▶ [PROBLEM DETAILS] All of the data must be output exactly, with every picture left out.

▶ [RECORDED INFORMATION]

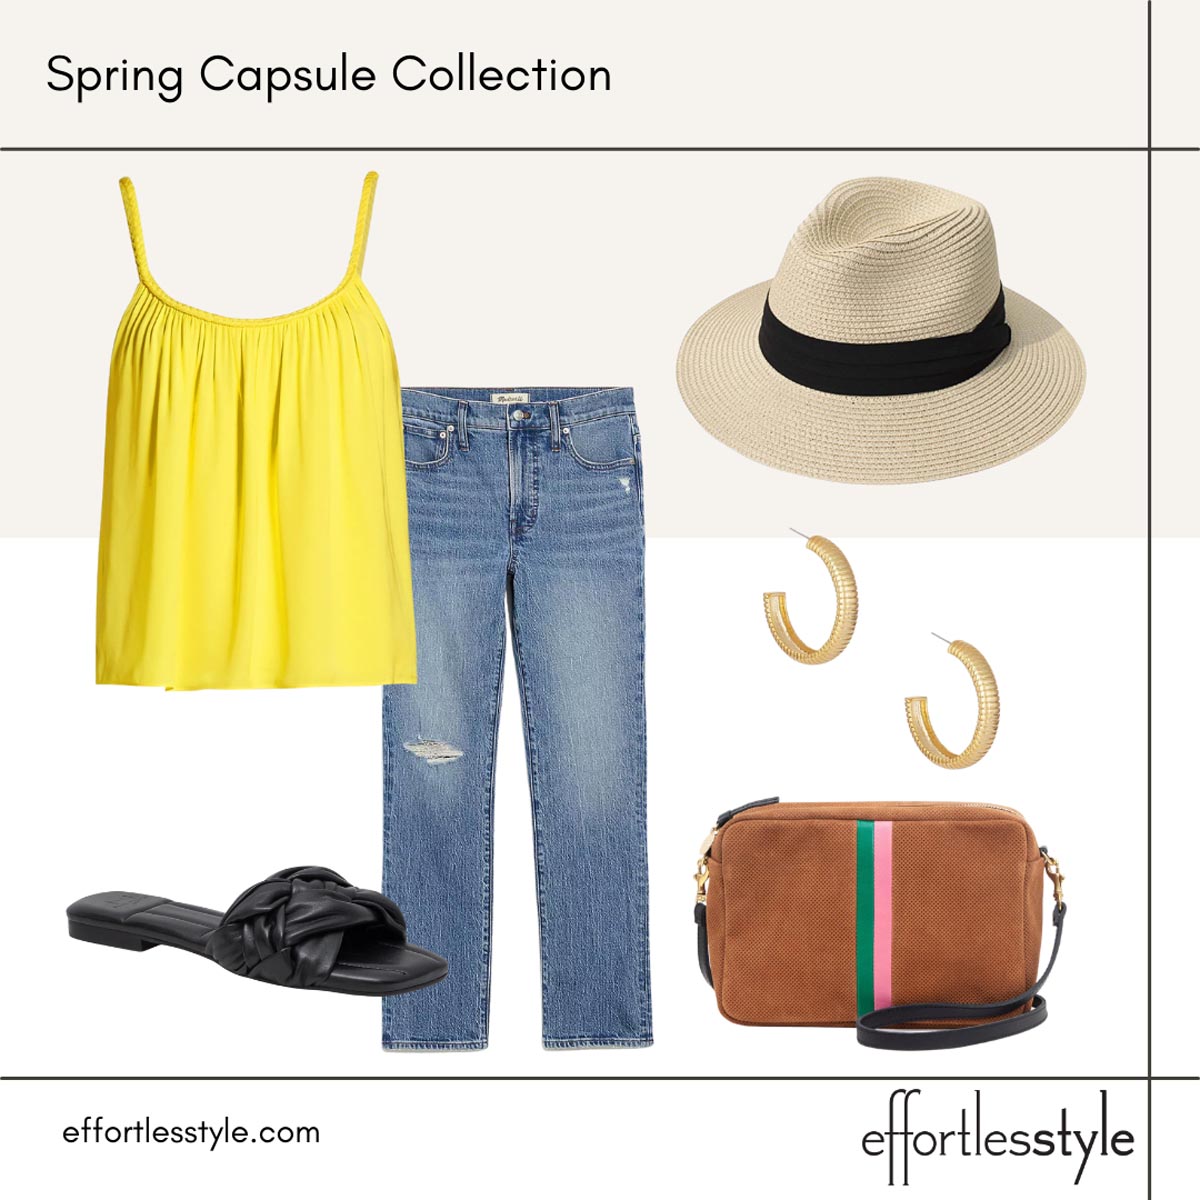 how to style a fedora for spring how to wear a fedora in the spring how to style jeans and a tank
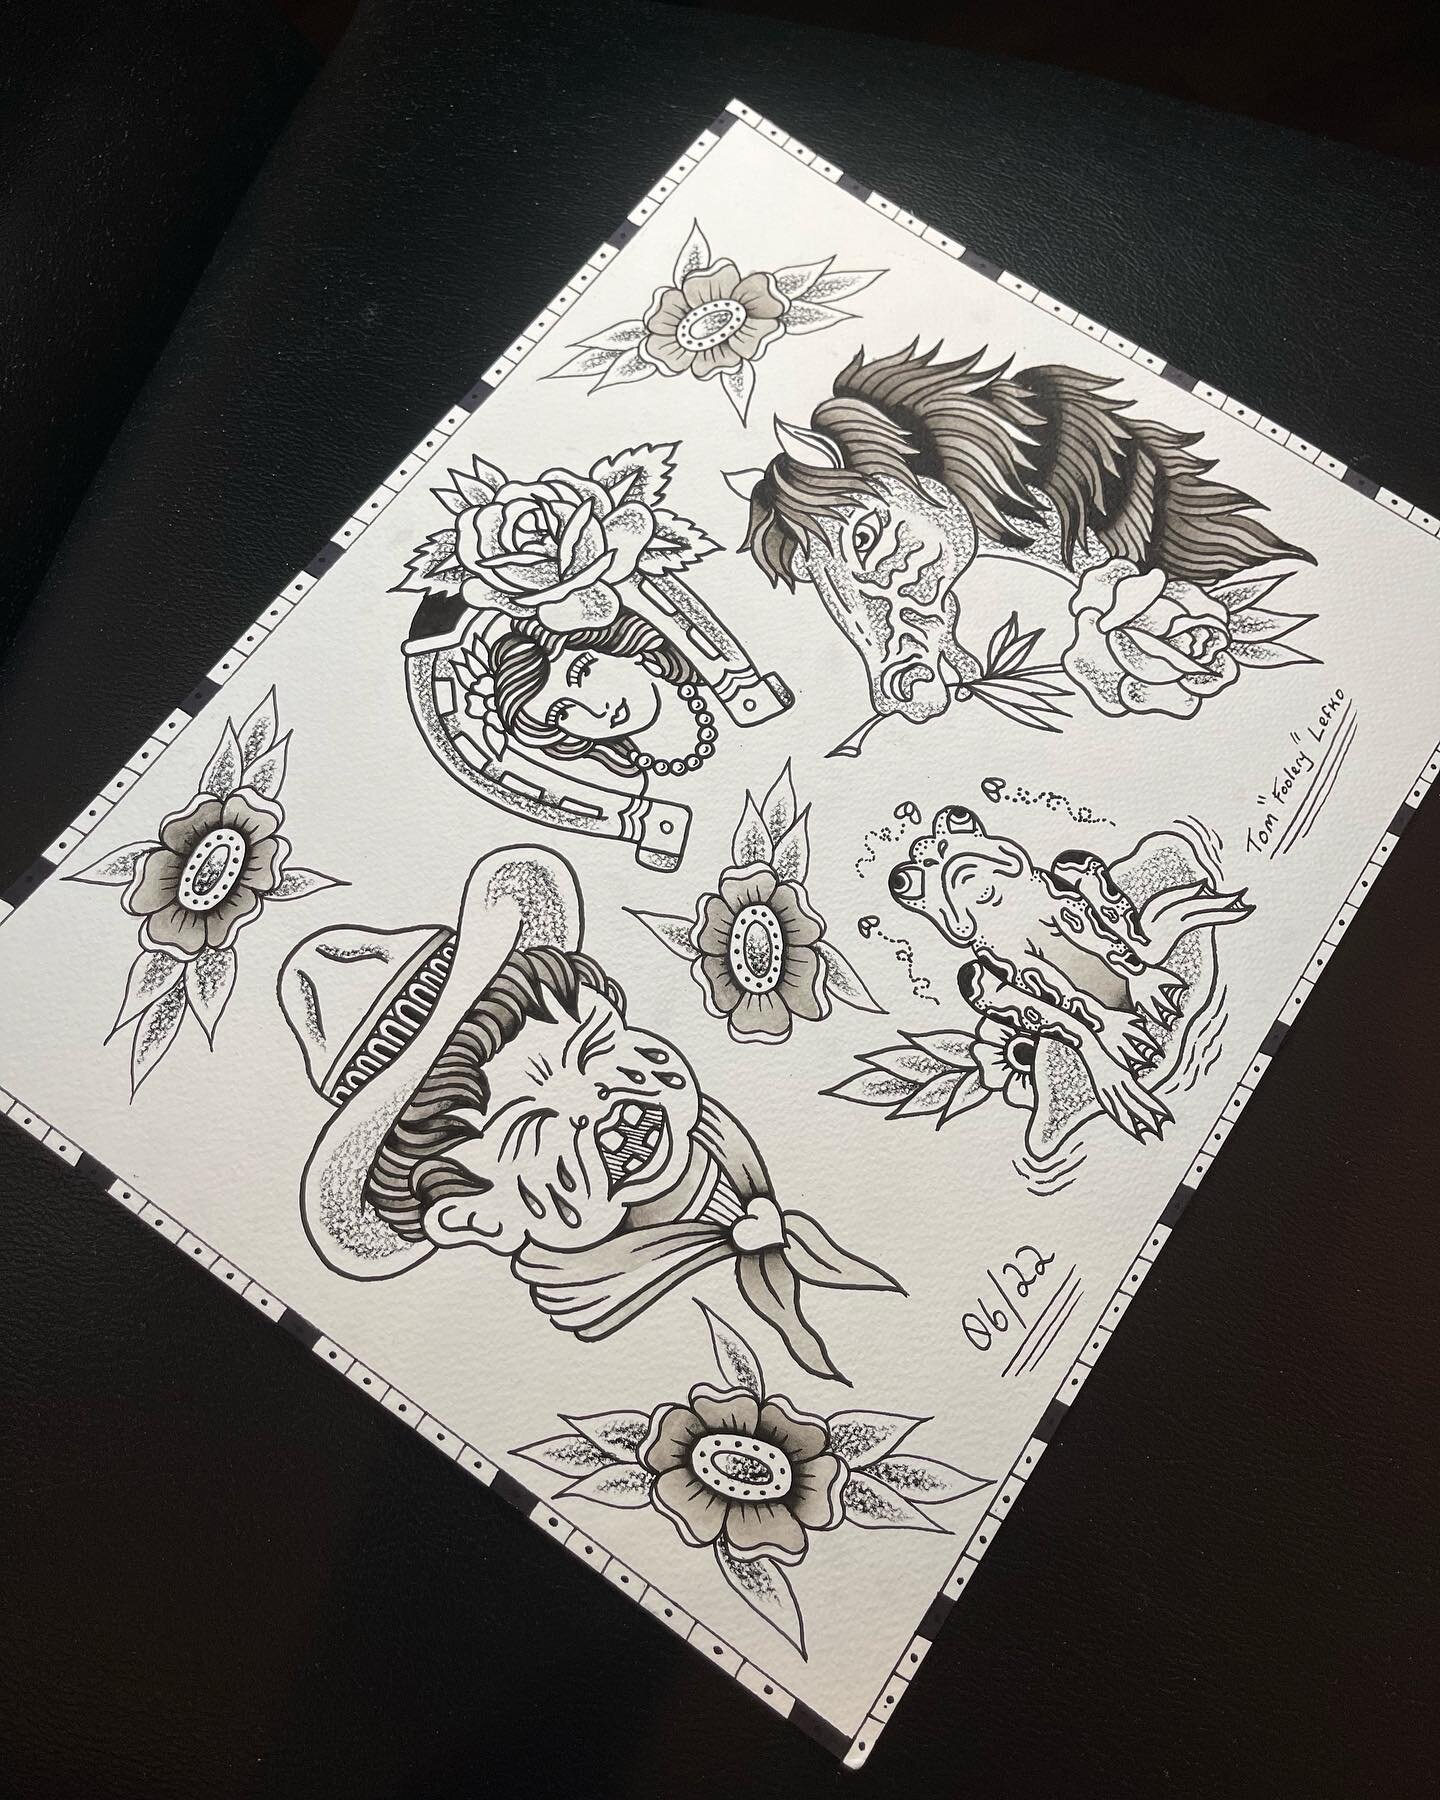 Available designs 🐮
Books never closed! 💥
Link in bio for booking 🌹

▶ [ANSWER TO THE PROBLEM]
 how to style a fedora for spring how to wear a fedora in the spring how to style jeans and a tank
 Available designs 🐮
Books never closed! 💥
Link in bio for booking 🌹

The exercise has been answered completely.